Sir Robert Crane, 1st Baronet (1586 – February 1643) of Chilton, Suffolk and of Buckenham Tofts, Norfolk, was an English politician who sat in the House of Commons variously between 1614 and 1643.

Crane was the son of Henry Crane of Chilton and educated in the law at the Inner Temple and Lincoln's Inn.

In 1614 Crane was elected Member of Parliament for Sudbury and held the seat until 1620. He was elected MP for Suffolk in 1621 and  re-elected MP for Sudbury in 1624 and 1625.  He was created a Baronet of Chilton, in Suffolk  on 21 April 1626. Crane was re-elected MP for Suffolk in 1626 and re-elected MP for Sudbury in 1628. He sat until 1629 when King Charles decided to rule without parliament for eleven years. In 1632–33 Crane was High Sheriff of Suffolk.

In April 1640, Crane was elected MP for Sudbury in the Short Parliament and in November 1640 for the Long Parliament. He held the seat until his death in February 1643.  
 
The baronetcy became extinct on Crane's death as he had no sons. He had married firstly Dorothy Hobart, daughter of Sir Henry Hobart, 1st Baronet Lord Chief Justice of the Court of Common Pleas, by whom he had no issue.
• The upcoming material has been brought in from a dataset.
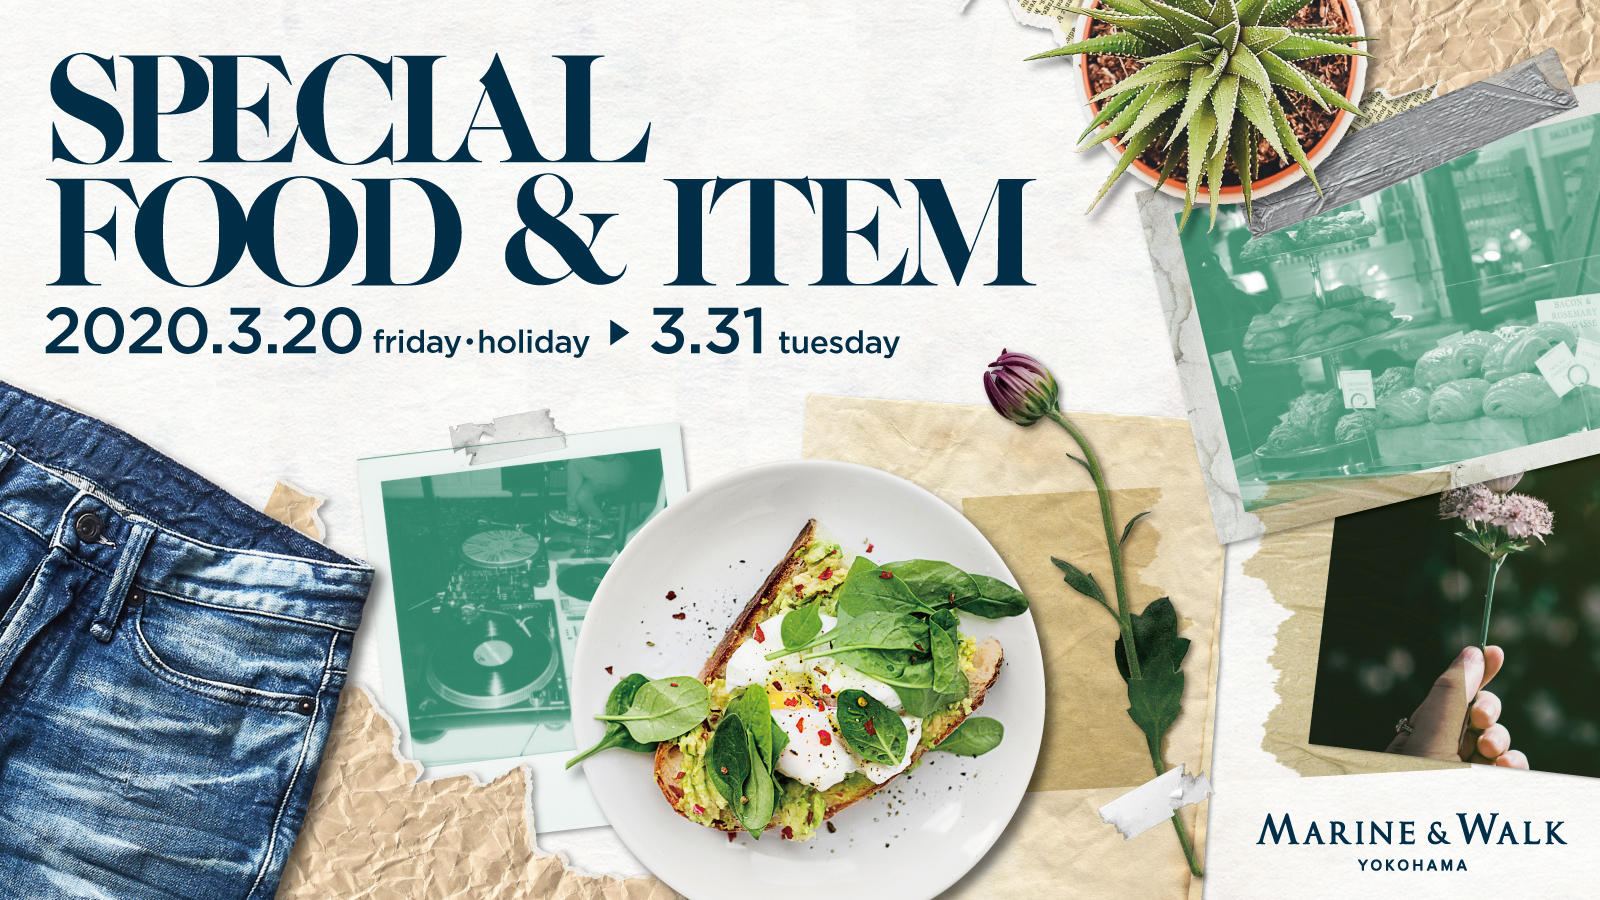 2020.3.20Fri・holiday~3.31.Tue SPECIAL FOOD&ITEM

He married secondly, Susan Alington, ?granddaughter of Sir Giles Alington of Horsebeath. They had four daughters - Mary who married Sir Ralph Hare, 1st Baronet,  Anne who married firstly Sir William Airmine, 2nd Baronet and secondly John Lord Belasyse, Susan who married Sir Edward Walpole,  and Katherine who married Edmund Bacon, nephew of Sir Robert Bacon, 3rd Baronet.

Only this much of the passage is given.